Friday, December 30, 2011

last time i messed up because i "loved" the wrong person in all the wrong ways . many lessons were derived from that experience , but in particular the statement "the higher you fly the harder you'll fall" was the realest . how could it not be ? the more love you have for a person , the riskier it is because the depth of the hurt that may ensue proportionally increases .

its tough , this past three days were amazing . ive observed qualities that ive never taken much notice to before , and the more i discover , the more i find myself inching forward to where i was before - when i was metaphorically "flying too high". of course it isnt a matter of dependency , which was the main problem in the past relationship , but the insecurity stems from increasingly loving someone who is proving to me more and more how much we mould together & how much he cares . 
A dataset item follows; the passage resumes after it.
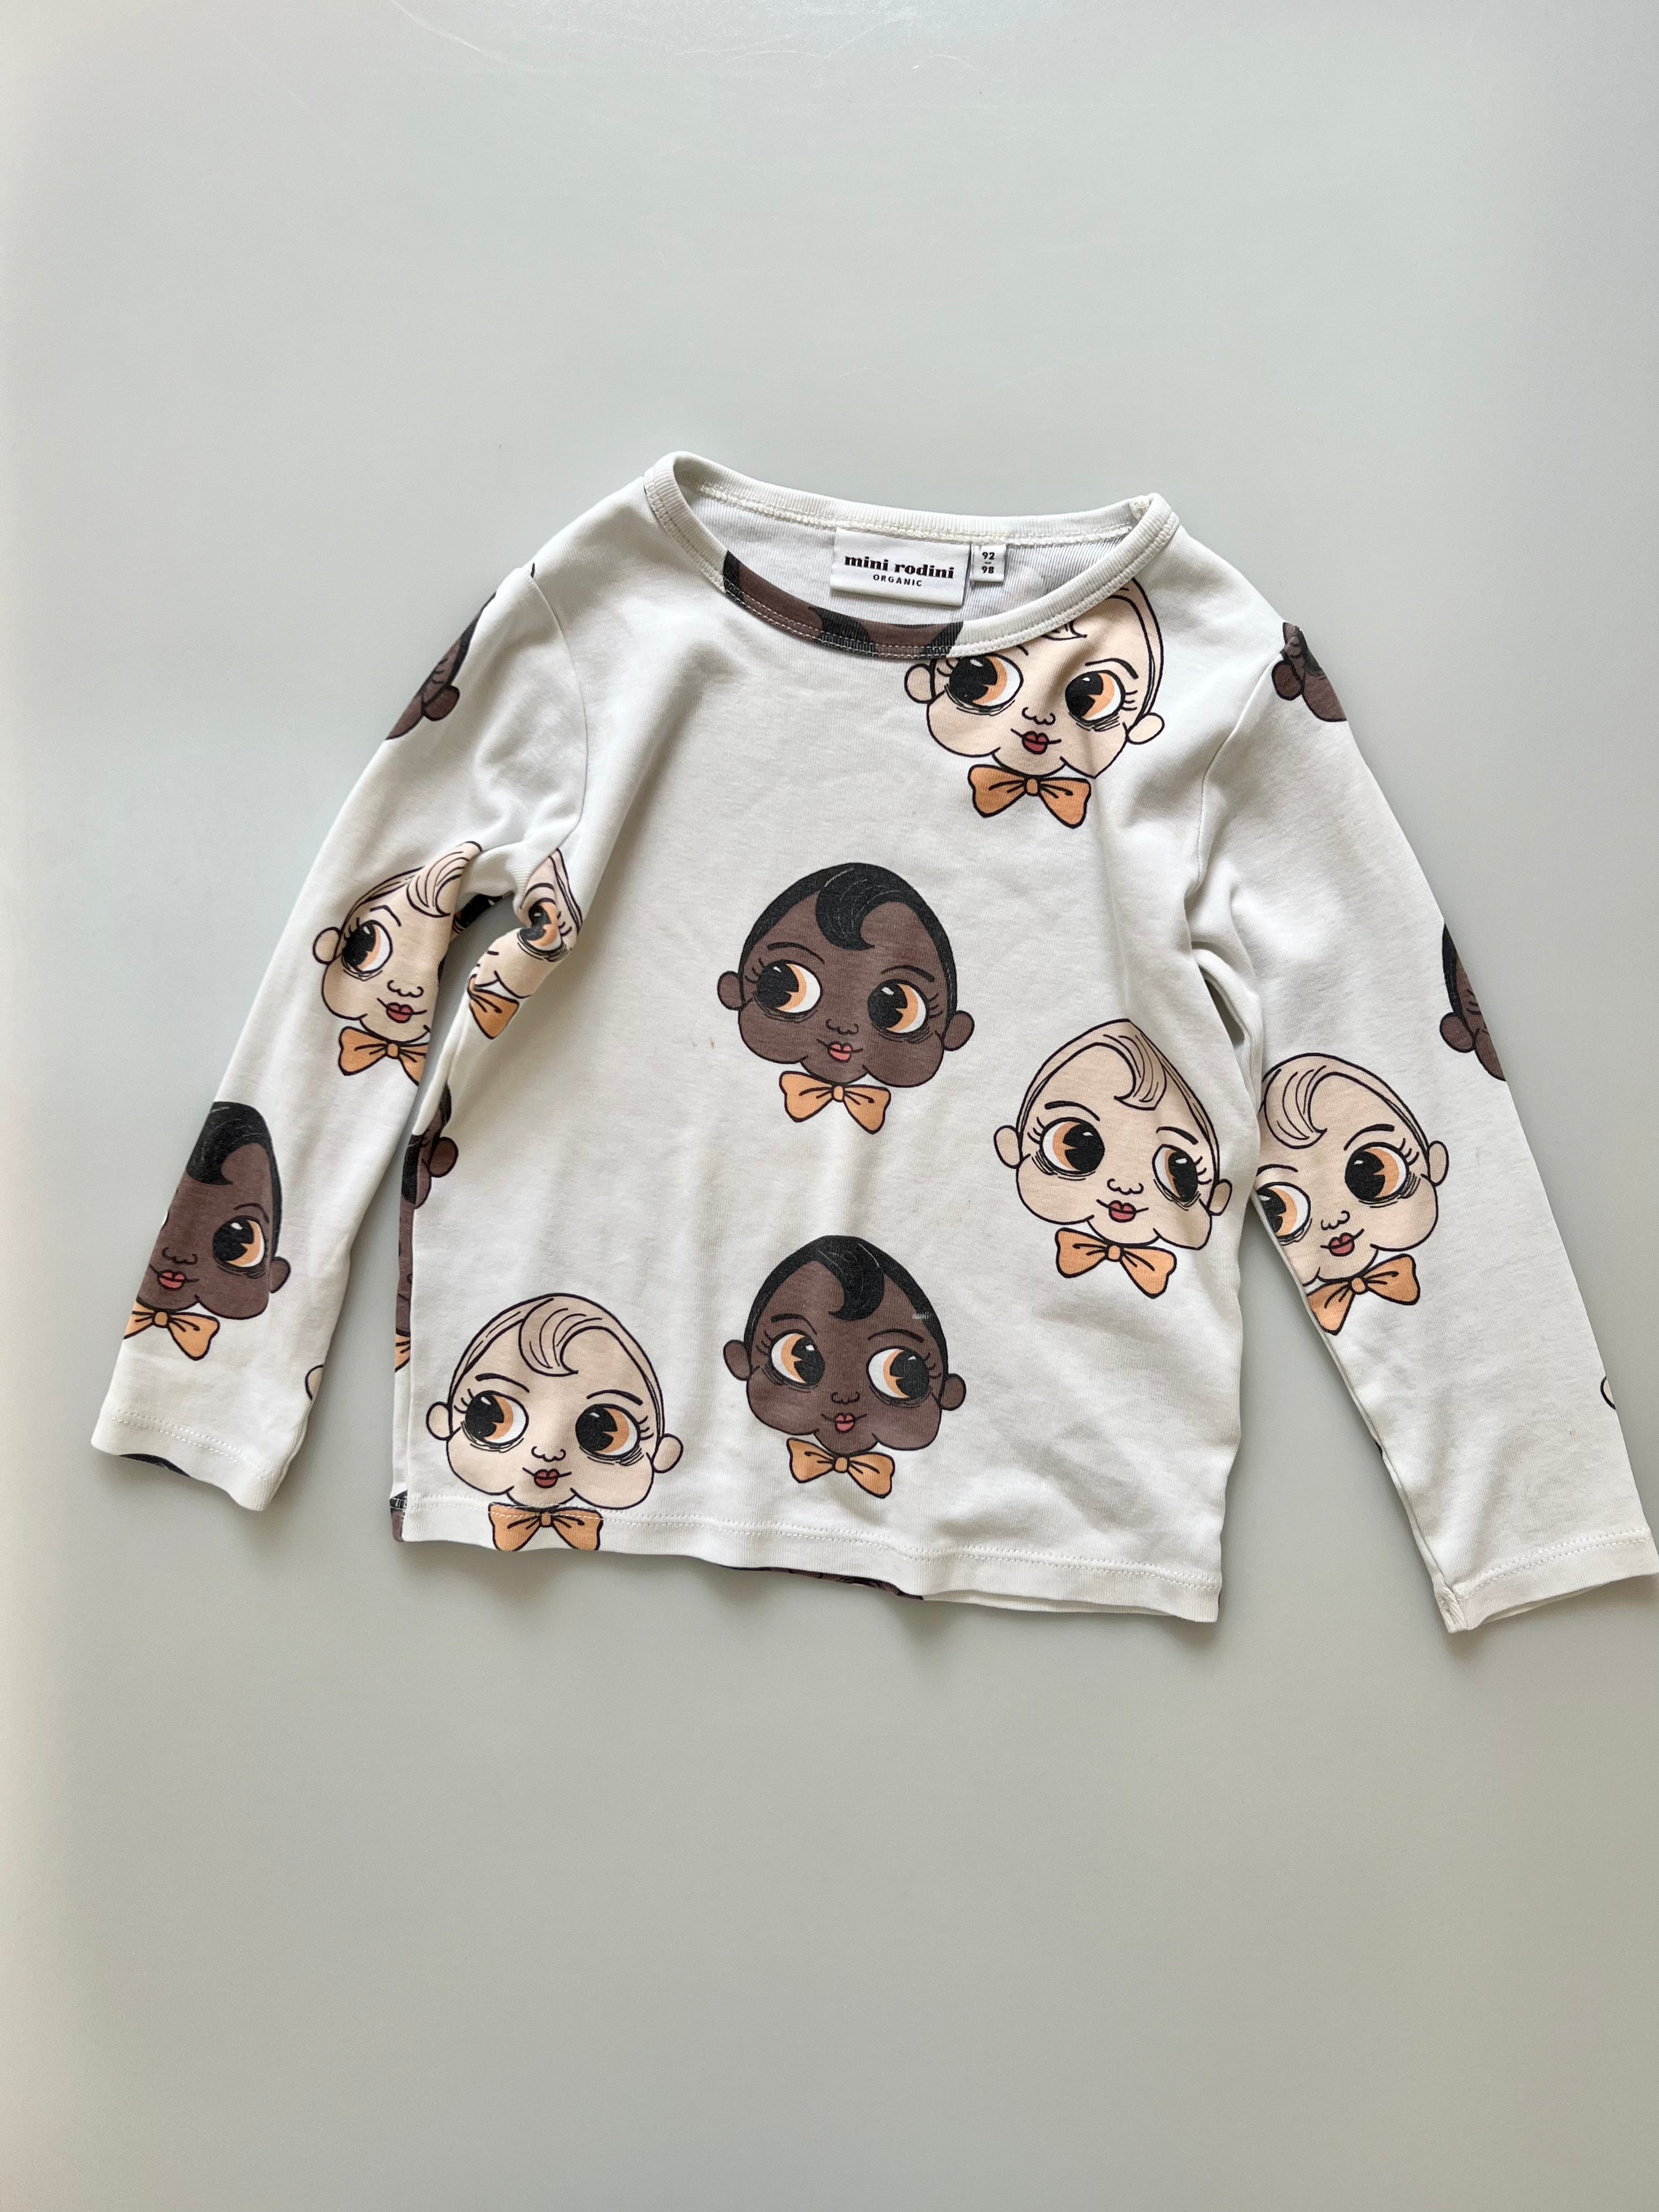 Mini Rodini Babies Print Tee Shirt Age 2-3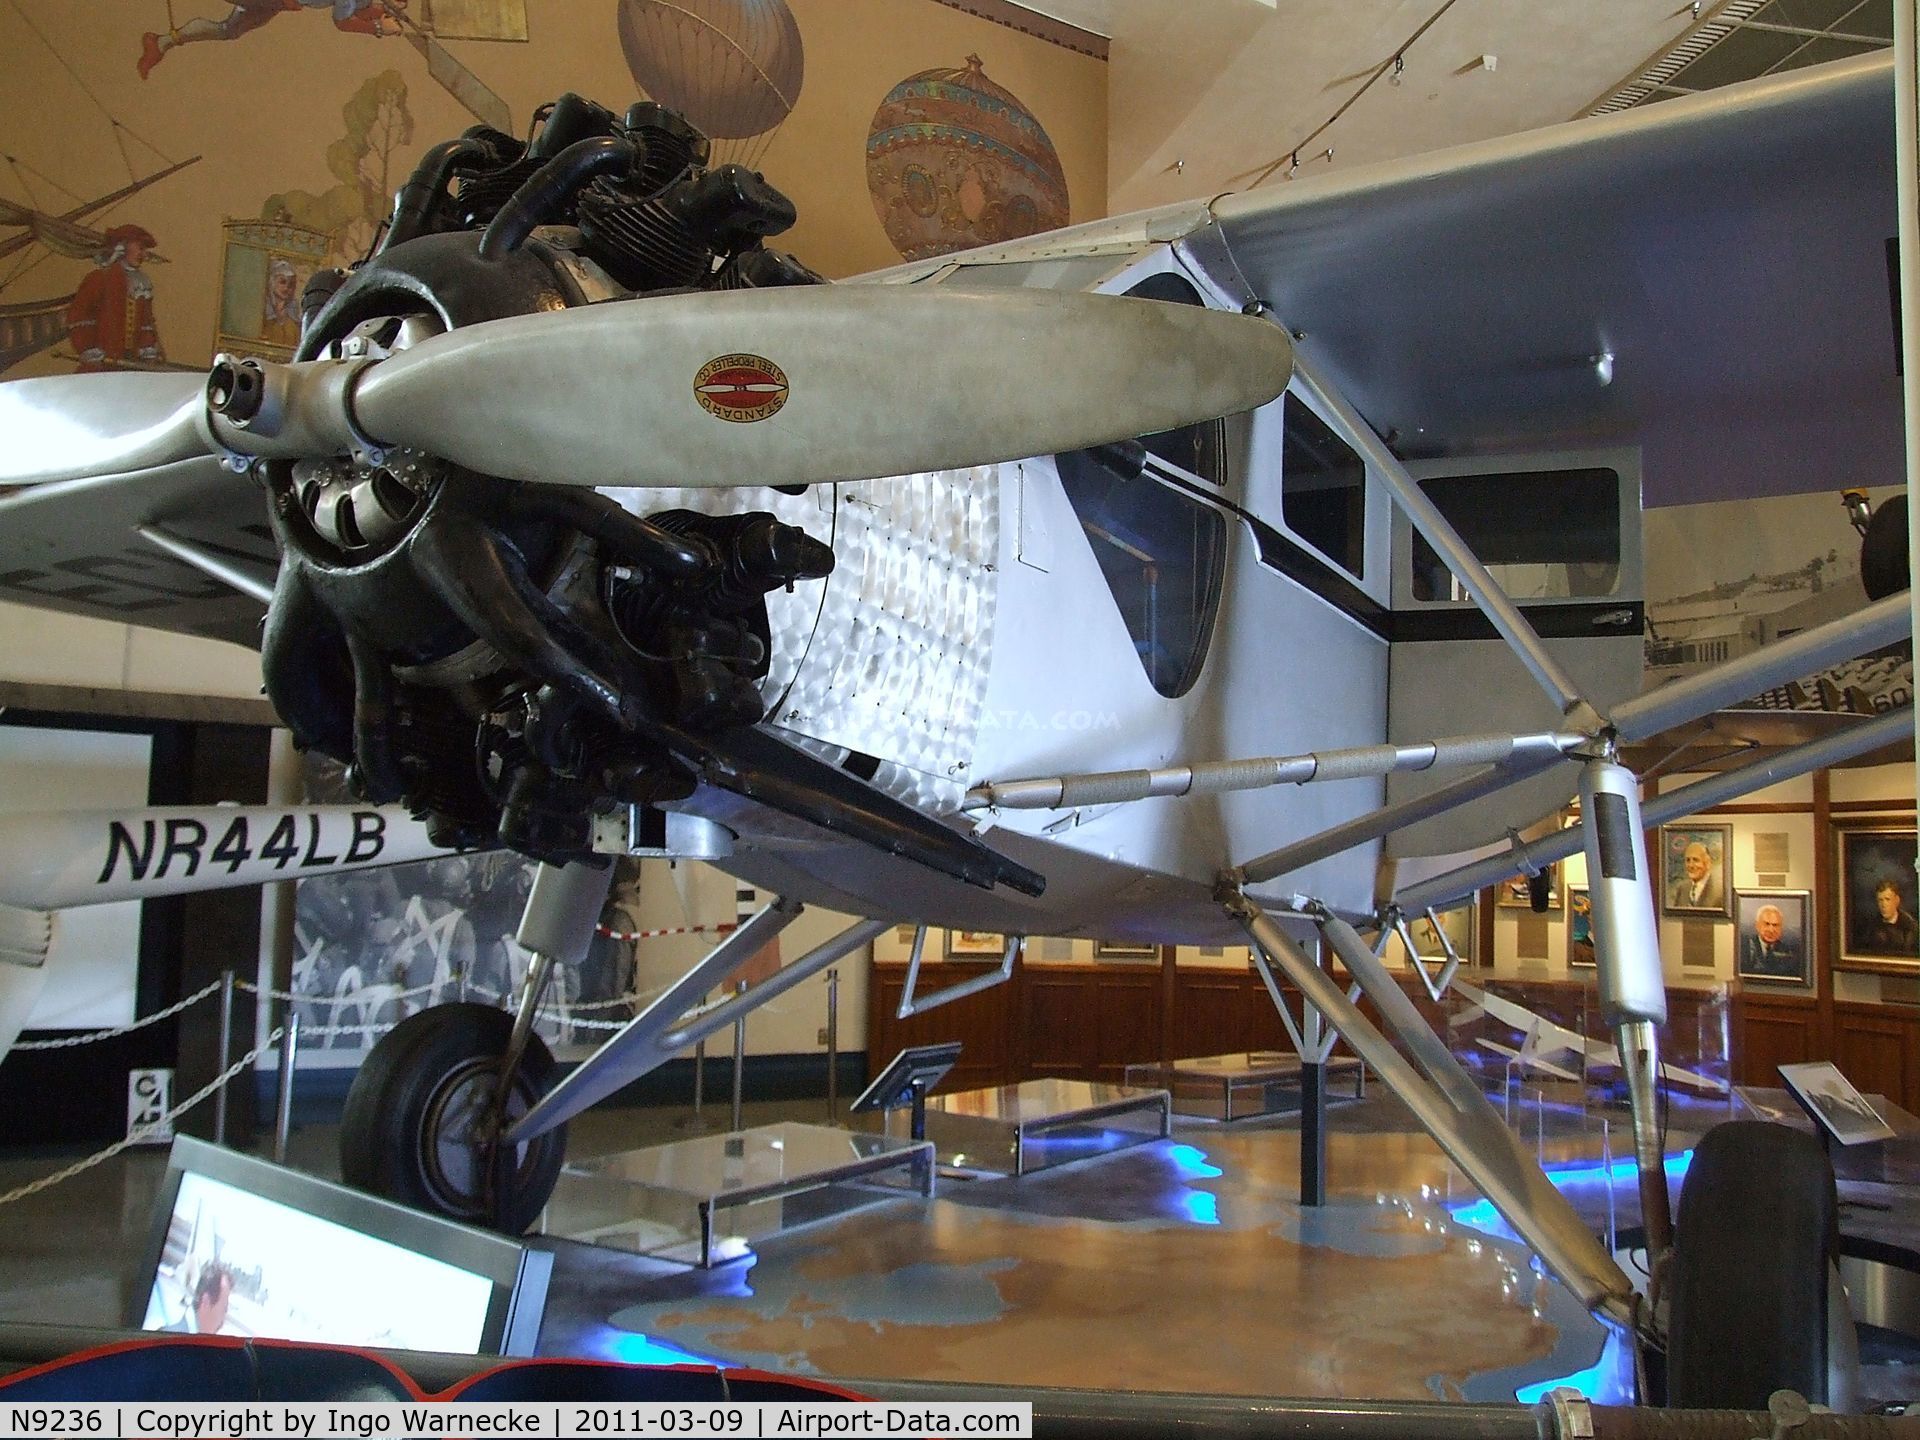 N9236, 1929 Ryan Aircraft B-5 C/N 194, Ryan B-5 Brougham (displayed representing NC731M) at the San Diego Air & Space Museum, San Diego CA

the terrifying part is that the possibility of losing that person in whatever manner is just as real . walking into a friends house today & talking with his widowed mother & seeing family pictures with the dad when he was still around was so painful / tomorrow , the words that come out of my mouth may pose to be a roadblock . whether unintentional or intentional , the possibility of losing someone has always been my greatest fear , and to know im loving someone more and more feels a bit like im digging myself into a hole .

i cant imagine what it would be like to be married . to have given your life to someone else and to be 'one' , and then have that taken away from you . 
marriage is such a terrifying but beautiful thing ._.